Die Motivation, eine Verhaltensänderung vorzunehmen, ist entscheidend für ihren langfristigen Erfolg. Wenn alle von den Vorteilen überzeugt sind, ist die Wahrscheinlichkeit einer dauerhaften Veränderung größer. So erhöhen Sie die allgemeine Motivation:

  • Arbeiten Sie eine gemeinsame Vision heraus: Peter Hawkins schreibt in seinem Buch „Leadership Team Coaching”, eine gemeinsame Vision sorge dafür, dass sich die Teammitglieder auf eine einheitliche Richtung konzentrieren. Die Mitarbeitenden haben ein Ziel vor Augen – wenn sie an dieses Ziel glauben, steigt die intrinsische Motivation.
  • Berücksichtigen Sie Teaminteressen: Die intrinsische Motivation steigt auch dann, wenn alle Teammitglieder merken, dass ihre Bedürfnisse wahrgenommen werden.
  • Feiern Sie Erfolge: Wenn Sie erreichte Meilensteine feiern, zollen Sie dem Team Anerkennung und halten die Motivation aufrecht. So können Sie in turbulenten Zeiten auch auf fehlende Leistung hinweisen.

Klar definierte Ziele festlegen

Um nachhaltige Verhaltensänderungen zu erreichen, ist es wichtig, klare und realistische Ziele festzulegen. So wird der Prozess der Veränderung greifbar und verständlich. Es gilt dabei das „What gets measured gets managed”-Prinzip des Management-Vordenkers Peter Drucker: Wenn wir fähig sind, Einflussfaktoren von High Performance zu messen, können wir sie gezielter vorantreiben.
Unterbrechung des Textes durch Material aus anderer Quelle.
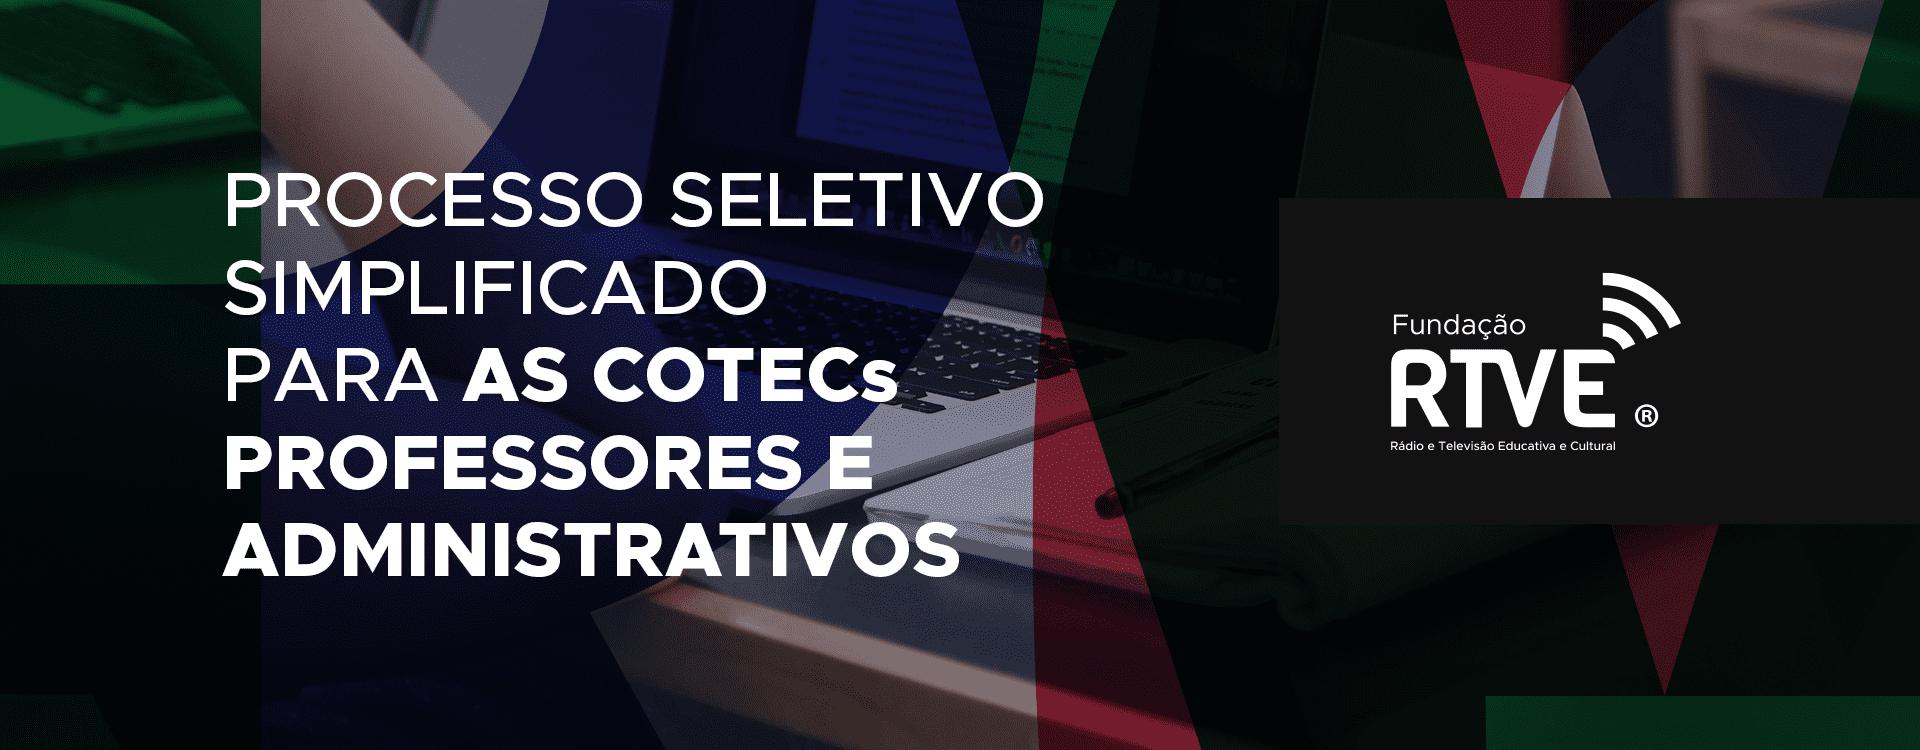 COTECs

  • Setzen Sie SMART-Ziele: Darunter verstehen sich Ziele, die spezifisch, messbar, erreichbar, relevant und zeitgebunden sind. Stellen Sie sicher, dass alle Team-Mitglieder im Zielprozess eingebunden sind und holen Sie das kollektive Commitment des Teams ab.
  • Überprüfen Sie die Zielerreichung: Eine regelmäßige Überprüfungen der Zielerreichung ermöglichen es Ihnen, den Fortschritt zu verfolgen und gegebenenfalls Anpassungen vorzunehmen.
  • Definieren Sie individuelle Verantwortung: Damit stellen Sie sicher, dass jedes Teammitglied seine individuellen Verantwortlichkeiten und Ziele kennt. Das Buch „Extreme Ownership” von Jocko Willink verdeutlicht das Konzept der Verantwortlichkeit am Beispiel der Navy SEALs auf beeindruckende Weise.
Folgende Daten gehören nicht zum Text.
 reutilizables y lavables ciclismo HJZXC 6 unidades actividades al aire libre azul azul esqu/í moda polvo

Unterstützung und Feedback

Regelmäßiges Feedback und Unterstützung durch Kollegen, Vorgesetzte oder Coaches sind entscheidend für den Erfolg von Verhaltensänderungen.

  • Führen Sie Feedback-Sitzungen durch: Darin können Teammitglieder ihre Fortschritte, Herausforderungen und Erfolge teilen.
  • Stellen Sie Coaching- oder Mentoring-Angebote bereit: Damit unterstützen Sie Teammitglieder bei ihrer persönlichen Entwicklung. Dies gilt für die einzelnen Mitglieder wie auch für das Team als Ganzes.
  • Fördern Sie eine Atmosphäre für konstruktives Feedback: Dadurch ermutigen Sie Teammitglieder, sich gegenseitig zu unterstützen.
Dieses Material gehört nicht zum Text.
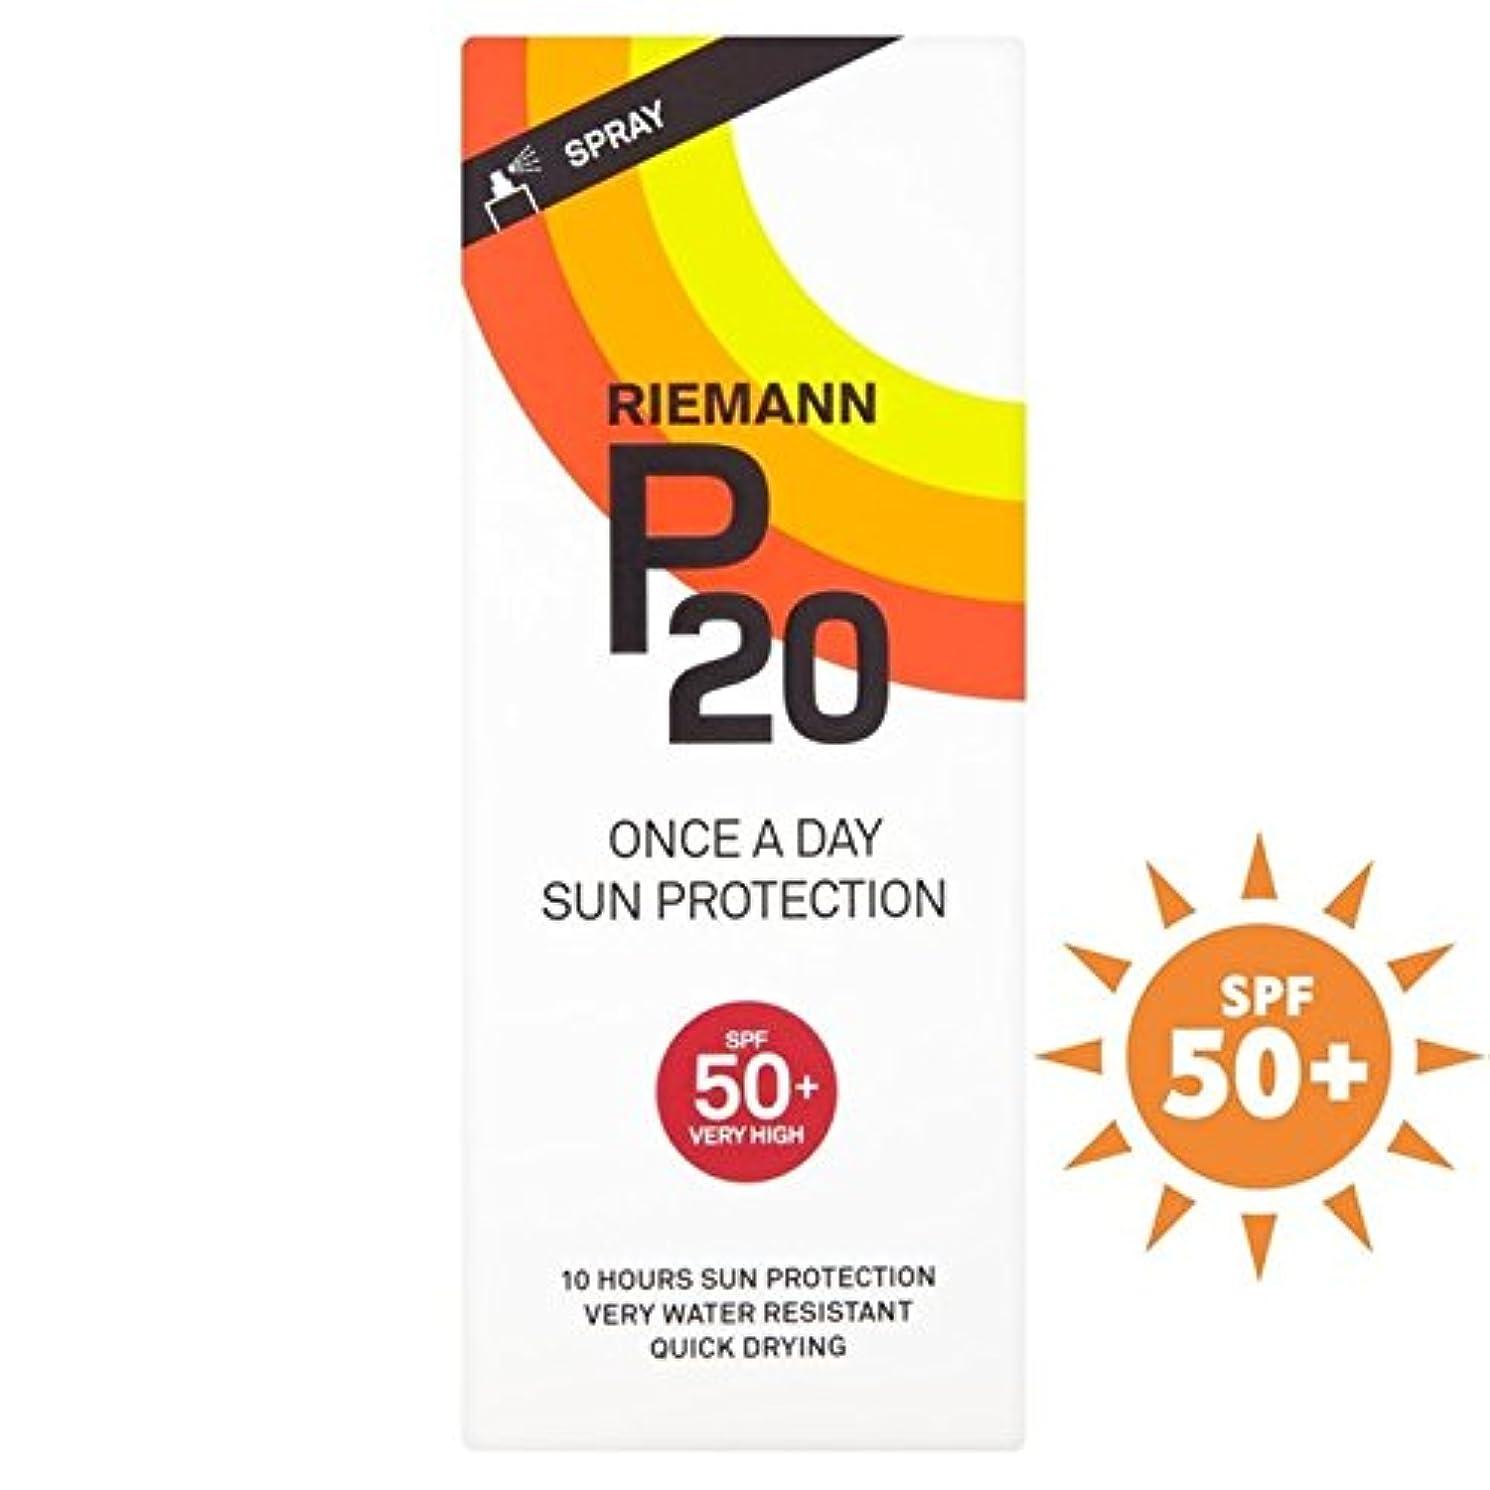 プランテーション打撃衝動Riemann P20 SPF50+ 1 Day/10 Hour Protection 200ml - リーマン20の50 + 1日/ 10時間の保護200ミリリットル [並行輸入品]

Gewohnheiten und Routinen einüben

Einmal in den Alltag integriert, laufen Verhaltensänderungen nach einer gewissen Zeit automatisiert ab. Daher können Gewohnheiten und Routinen entscheidend sein.

  • Üben Sie neue Verhaltensweisen ein: Neue Verhaltensweisen integrieren Sie am besten in den Alltag, indem Sie gemeinsame Routinen oder Rituale entwickeln.
  • Überwachen Sie den Fortschritt: Nur durch regelmäßige Kontrolle stellen Sie sicher, dass neue Gewohnheiten beibehalten werden und Wirkung zeigen.
  • Fördern Sie Selbstreflexion: Wenn Teammitglieder regelmäßig über ihre Gewohnheiten und Verhaltensweisen nachdenken, fällt es leichter, sie in den Alltag zu integrieren.

Zusammenfassend lässt sich sagen: High Performance ist nur dann möglich, wenn alle Mitglieder zu Verhaltensveränderungen bereit sind. Coaches können den Prozess unterstützen, nachhaltig sind die Maßnahmen jedoch nur, wenn die Arbeit im Team auch nach dem Coaching fortgeführt wird. Ihre Reise zur High Performance mag herausfordernd sein, doch sie ist unerlässlich, damit Sie in der heutigen, schnelllebigen und anspruchsvollen Geschäftswelt erfolgreich bestehen können.